ASR module 102 may analyze speech input and may provide a transcription of the speech input as output. SLU module 104 may receive the transcribed input and may use a natural language understanding model to analyze the group of words that are included in the transcribed input to derive a meaning from the input. The role of DM module 106 is to receive the derived meaning from the SLU 104 module and generate a natural language response to help the user to achieve the task that the system is designed to support. DM module 106 may receive the meaning of the speech input from SLU module 104 and may determine an action, such as, for example, providing a response, based on the input. SLG module 108 may generate a transcription of one or more words in response to the action provided by DM 106. TTS module 110 may receive the transcription as input and may provide generated audible speech as output based on the transcribed speech. There are variations that may be employed. For example, the audible speech may be generated by other means than a specific TTS module as shown.
Thus, the modules of system 100 may recognize speech input, such as speech utterances, may transcribe the speech input, may identify (or understand) the meaning of the transcribed speech, may determine an appropriate response to the speech input, may generate text of the appropriate response and from that text and may generate audible “speech” from system 100, which the user then hears. In this manner, the user can carry on a natural language dialog with system 100. Those of ordinary skill in the art will understand the programming languages and means for generating and training ASR module 102 or any of the other modules in the spoken dialog system.
The present invention related to the use of semantic and syntactic graphs is especially related to SLU module 104, but may be implemented in a system which does not contain all of the elements illustrated in system 100. Further, the modules of system 100 may operate independent of a full dialog system. For example, a computing device such as a smartphone (or any processing device having a phone or communication capability) may have an ASR module wherein a user may say “call mom” and the smartphone may act on the instruction without a “spoken dialog.”
With reference to
To enable user interaction with the computing device 200, an input device 270 represents any number of input mechanisms, such as a microphone for speech, a touch-sensitive screen for gesture or graphical input, keyboard, mouse, motion input, speech and so forth. The device output 280 can also be one or more of a number of output means. In some instances, multimodal systems enable a user to provide multiple types of input to communicate with the computing device 200. The communications interface 290 generally governs and manages the user input and system output.

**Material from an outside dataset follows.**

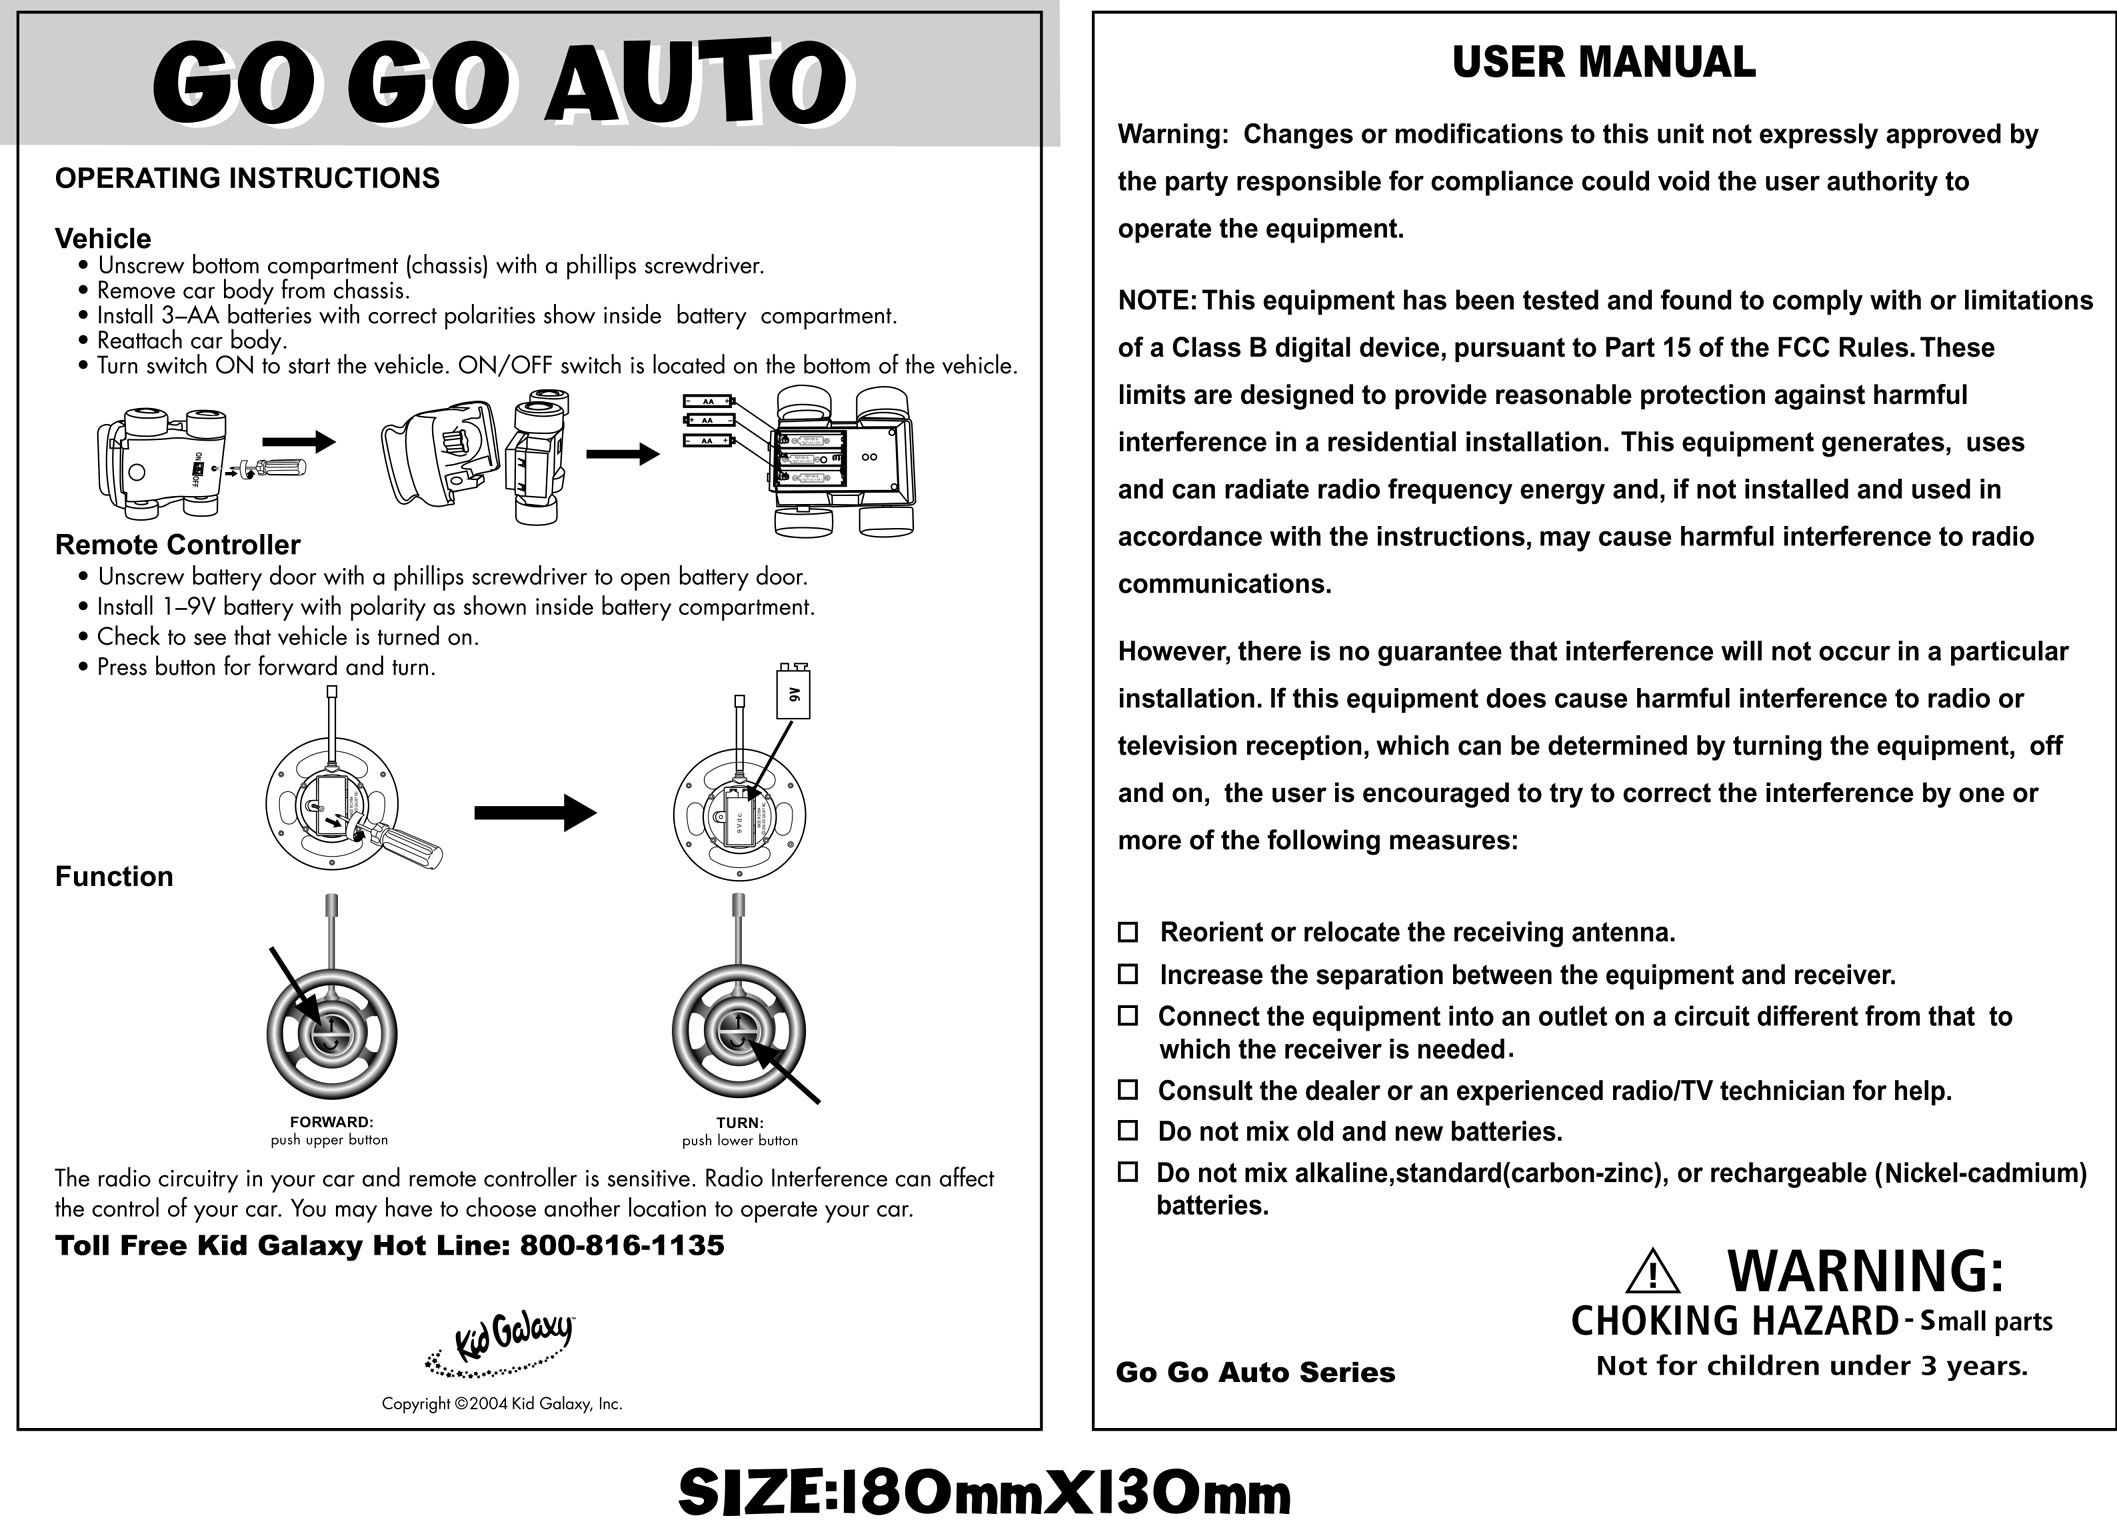 GO GO AUTO User Manual

Embodiments within the scope of the present invention may also include computer-readable media for carrying or having computer-executable instructions or data structures stored thereon. Such computer-readable media can be any available media that can be accessed by a general purpose or special purpose computer. By way of example, and not limitation, such computer-readable media can comprise RAM, ROM, EEPROM, CD-ROM or other optical disk storage, magnetic disk storage or other magnetic storage devices, or any other medium which can be used to carry or store desired program code means in the form of computer-executable instructions or data structures. When information is transferred or provided over a network or another communications connection (either hardwired, wireless, or combination thereof) to a computer, the computer properly views the connection as a computer-readable medium. Thus, any such connection is properly termed a computer-readable medium. Combinations of the above should also be included within the scope of the computer-readable media.
Computer-executable instructions include, for example, instructions and data which cause a general purpose computer, special purpose computer, or special purpose processing device to perform a certain function or group of functions. Computer-executable instructions also include program modules that are executed by computers in stand-alone or network environments. Generally, program modules include routines, programs, objects, components, and data structures, etc. that perform particular tasks or implement particular abstract data types. Computer-executable instructions, associated data structures, and program modules represent examples of the program code means for executing steps of the methods disclosed herein. The particular sequence of such executable instructions or associated data structures represents examples of corresponding acts for implementing the functions described in such steps.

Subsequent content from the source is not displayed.